Capturing the Hybrid Palladium(I)-Radical Pair in Sterically Encumbered Xantphos-Palladium Compounds

Understanding and controlling one-electron chemistry in palladium (Pd) coordination compounds can unlock reactivity that is inaccessible to ground-state Pd chemistry. One burgeoning area involves the photochemical excitation of a Pd0 catalyst to activate alkyl halides – substrates that are traditionally challenging to activate thermally, and Pd compounds supported by wide bite-angle diphosphines such as Xantphos are privileged catalysts in this realm. Mononuclear PdI halide compounds supported by such ligands are proposed as key intermediates formed during photoexcitation of Pd0 species, however, no examples of isolated mononuclear PdI halide compounds have been reported to date. Herein, we report that a Xantphos ligand (tBuXantphos) with tert-butyl substituents on the P atoms enables the isolation and full spectroscopic characterization of neutral, three-coordinate PdI-chloride and -bromide compounds as crystalline solids.
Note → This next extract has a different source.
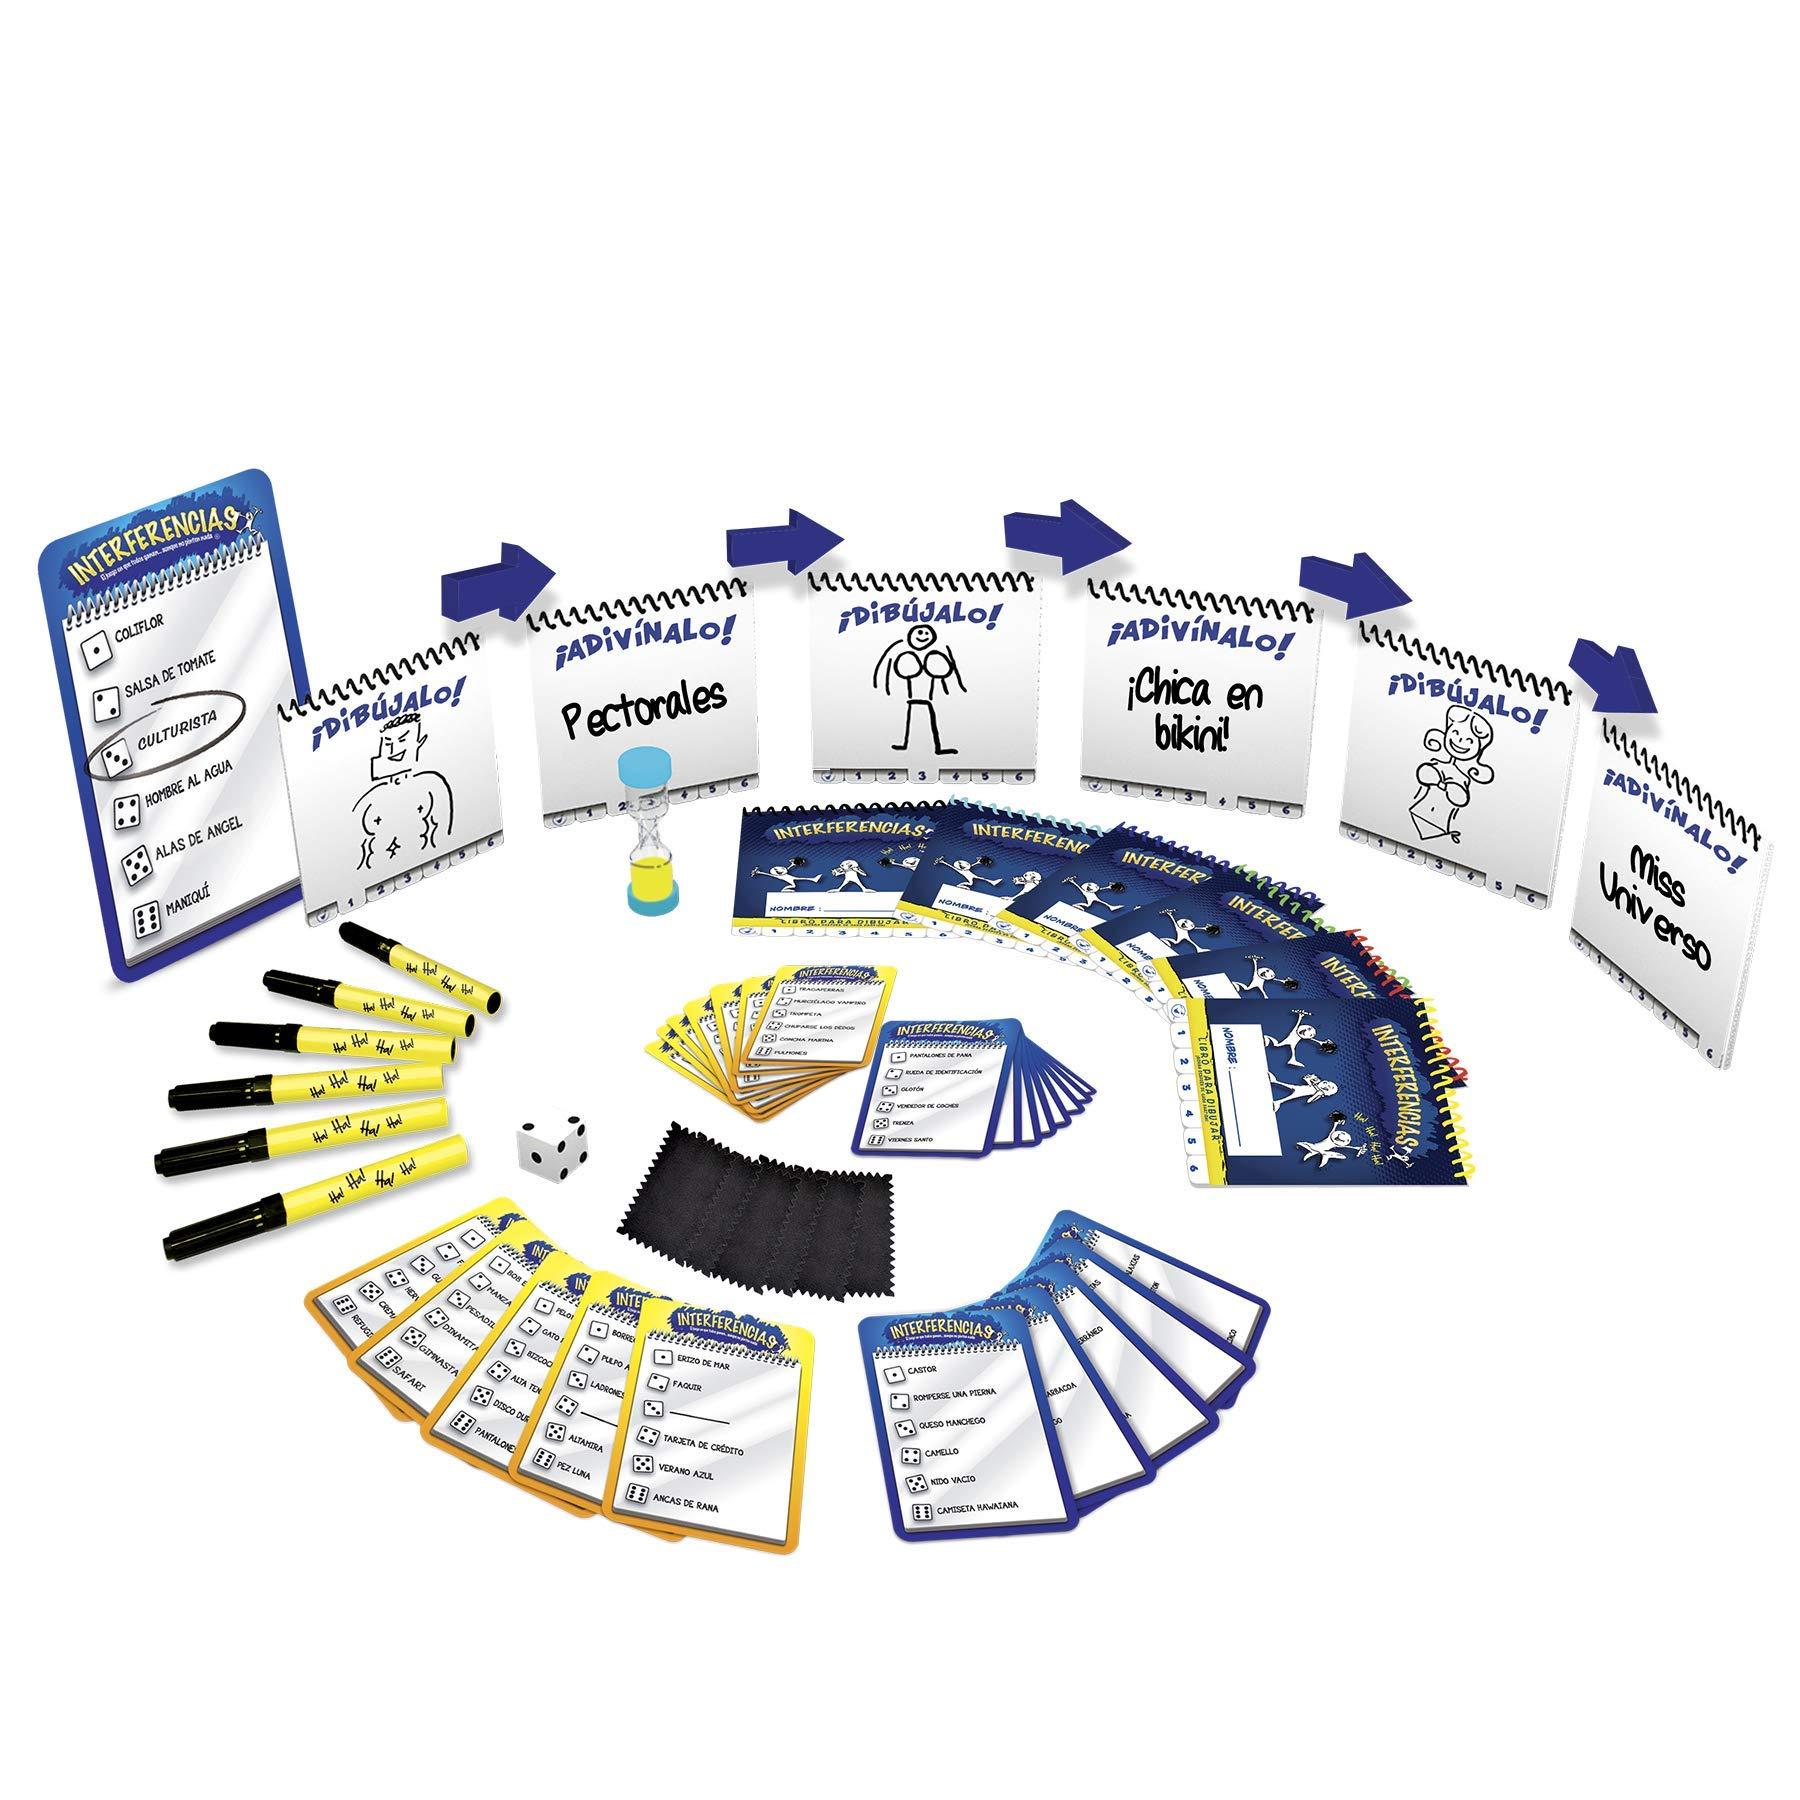 Goliath- Interferencias 6 Jugadores Juego de Mesa, Multicolor (76213): Amazon.es: Juguetes y juegos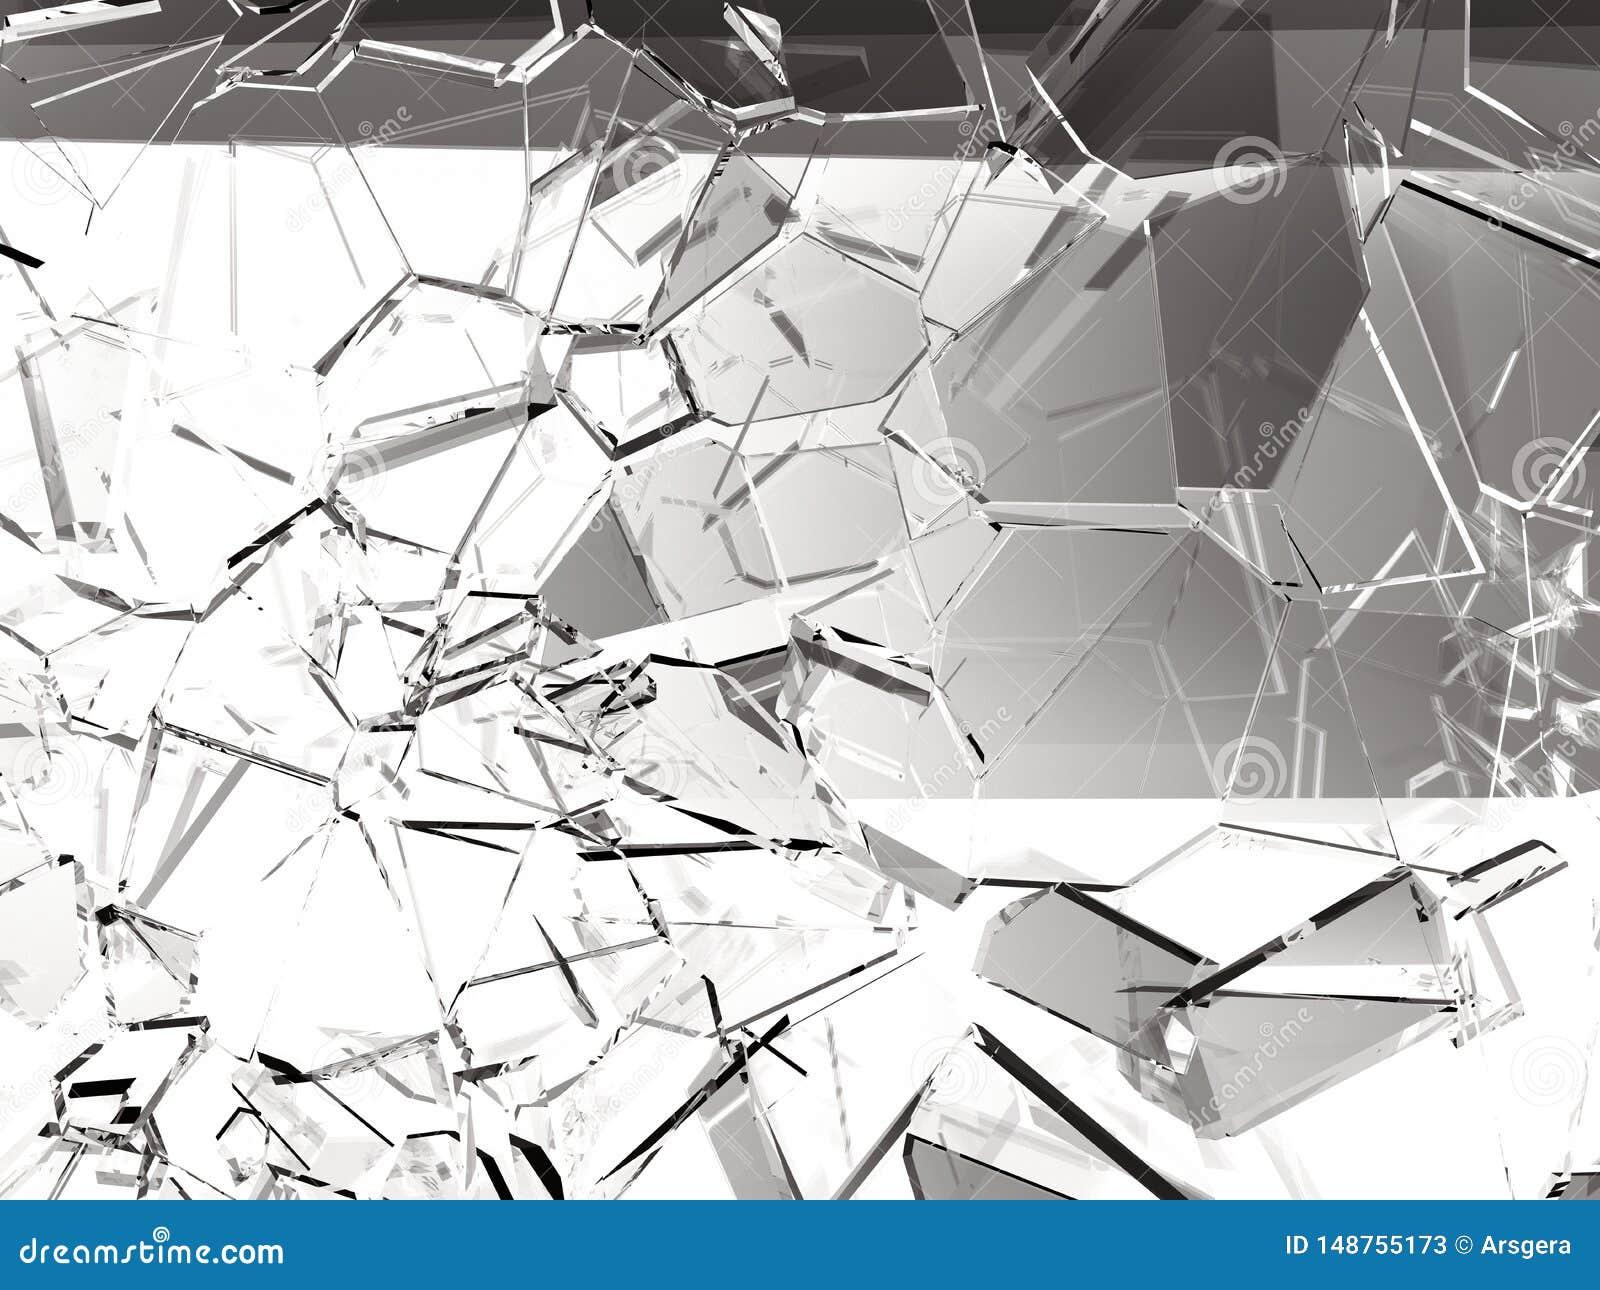 Glasplatten defekt oder gebrochen

Furthermore, the corresponding Pd0 complex is capable of cleaving C–X bonds in alkyl halides upon photoexcitation with visible light, forming the respective PdI halide species. This provides definitive experimental evidence for this elementary step, nearly thirty years after the original proposal by Suzuki and Miyaura. In addition, a PdII monomethyl compound supported by the same ligand framework undergoes Pd-C bond homolysis under visible light irradiation to form the same PdI halide species. Finally, the reactivity difference between the bulky tBuXantphos and less sterically hindered diarylether-based diphosphines was examined in model stoichiometric and catalytic reactions. Overall, these findings provide unambiguous experimental evidence for the role of PdI compounds as critical intermediates in photochemical palladium chemistry.